Потом мы встречались ежедневно, но уже больше не в толпе, а с глазу на глаз, не на пару часов, а на целую ночь. Наше пребывание вдвоем стало необходимостью. Мы прятали безмолвную радость в подарки, приносили друг другу домой букеты цветов, всегда держали в карманах игрушки, стеклянные шарики, счастливую игральную косточку, куриных божков и камешки. В одну из сентябрьских ночей мы впервые обняли друг друга, бодрствовали до поздней ночи и завтракали на балконе в купальных халатах. Я довез ее на машине до прессцентра, а в обед снова забрал. С этого дня мы начали считаться друг с другом. Мы представляли себе мысленно совместные поездки, общее жилище, постоянную, безоблачную, окрыленную

жизнь вдвоем. Подходили ли мы друг к другу? Да, нет, может быть, ответа не было. Последовали заверения и доллины слезы. Теперь нам было ясно, что мы ничего не знаем друг о друге.
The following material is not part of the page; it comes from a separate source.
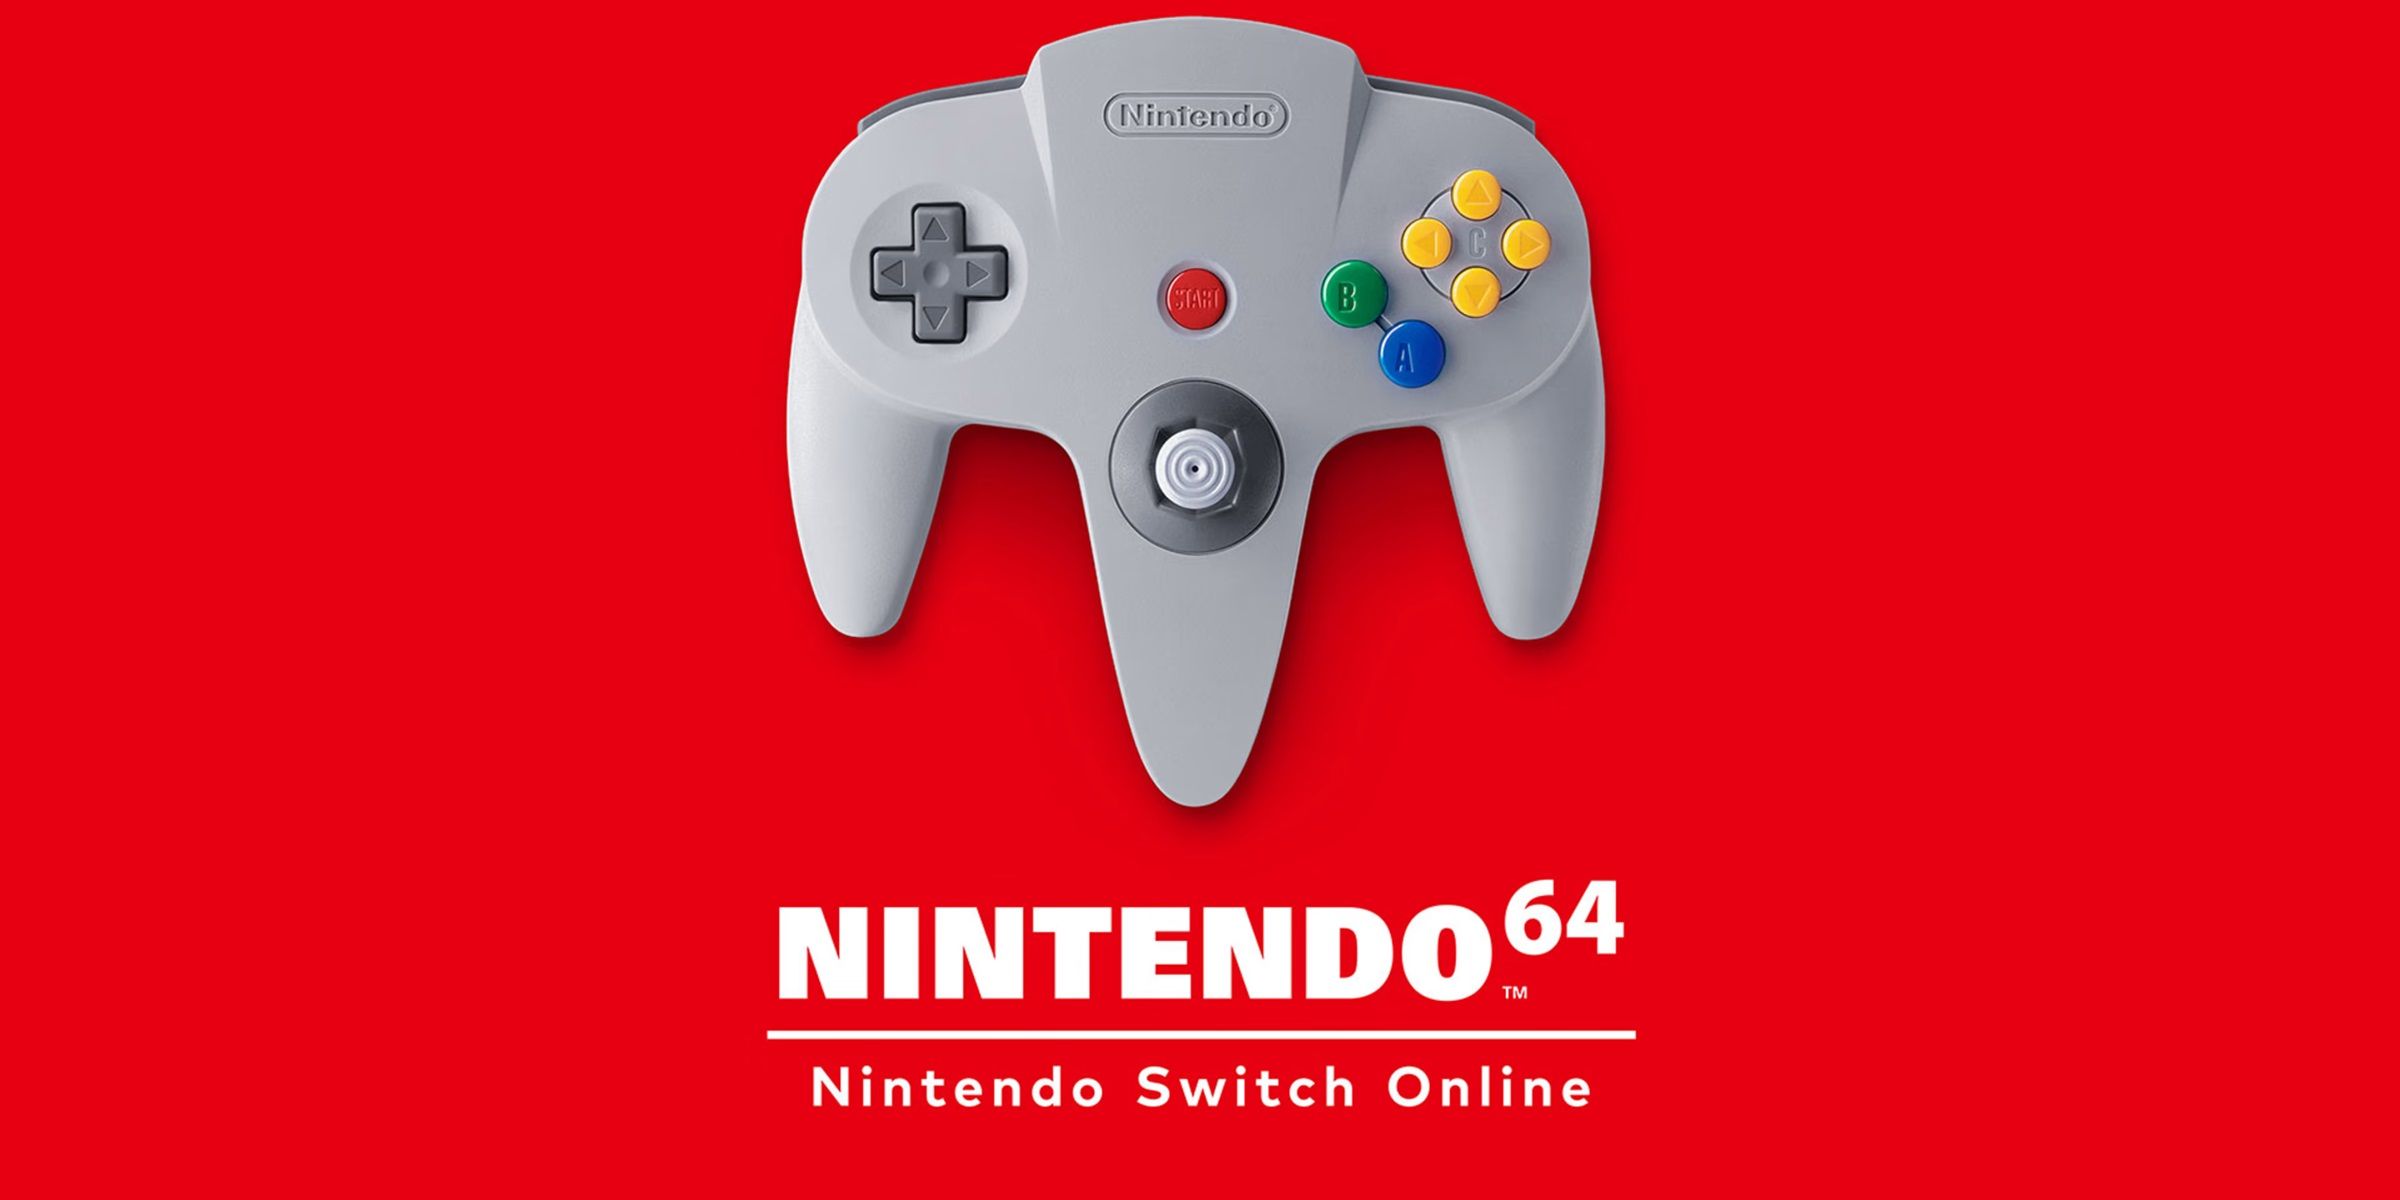 nintendo 64 switch online controller

Того, что мы рассказывали о себе раньше, оказалось мало, мы хотели знать кем. был каждый для нас. Первоначальная осведомленность показалась нам недостаточной, прошлое каждого выглядело опасным и темным. Наша беззаботность была в опасности. Ты не обманул меня? Любишь ли ты меня, и кого ты еще любишь? Ты меня действительно любишь? Откуда ты знаешь, что ты меня действительно любишь? Любим ли мы друг друга или просто влюблены? Любовь была тут как тут, но еще не хватало дружбы. Мы лежали без сна у себя дома и по нескольку раз перезванивались ночью. Сможем ли мы жить вместе? Была ли наша любовь настоящей? Не было ли это все обманом, иллюзией, неповторимой радужной атмосферой чувства? И что это было за счастье, которое мы изведали, такое бездонное, ранящее и неустойчивое. Счастье было состоянием, которое мы хотели пережить каждый по отдельности либо вместе. Мы лежали рядом на кровати, вкушали любви или не вкушали. Долли ее не вкушала. Доллиного воодушевления уже не было. Она была одна, надежда оставила ее, она не была больше захвачена радостью и предчувствием будущего, стала неприкасаемой и безутешной /только не утешай меня, пожалуйста не утешай меня/! Недоступная для вопросов и ответов, она не могла, выплакаться и у нее не было сил вымыть голову. Если ты хочешь что-нибудь для меня сделать, свари мне кофе. Она была чужой и необщительной, каждое произнесенное слово пригвождение к кресту; почему ты не вынул бутылку из холодильника; какую бутылку это безразлично, это уже не имеет значения. Не было никакой возможности находиться вместе с ней в комнате, и не было никакой возможности уйти из комнаты одному. Почему она еще продолжала жить, если любовь несла смерть.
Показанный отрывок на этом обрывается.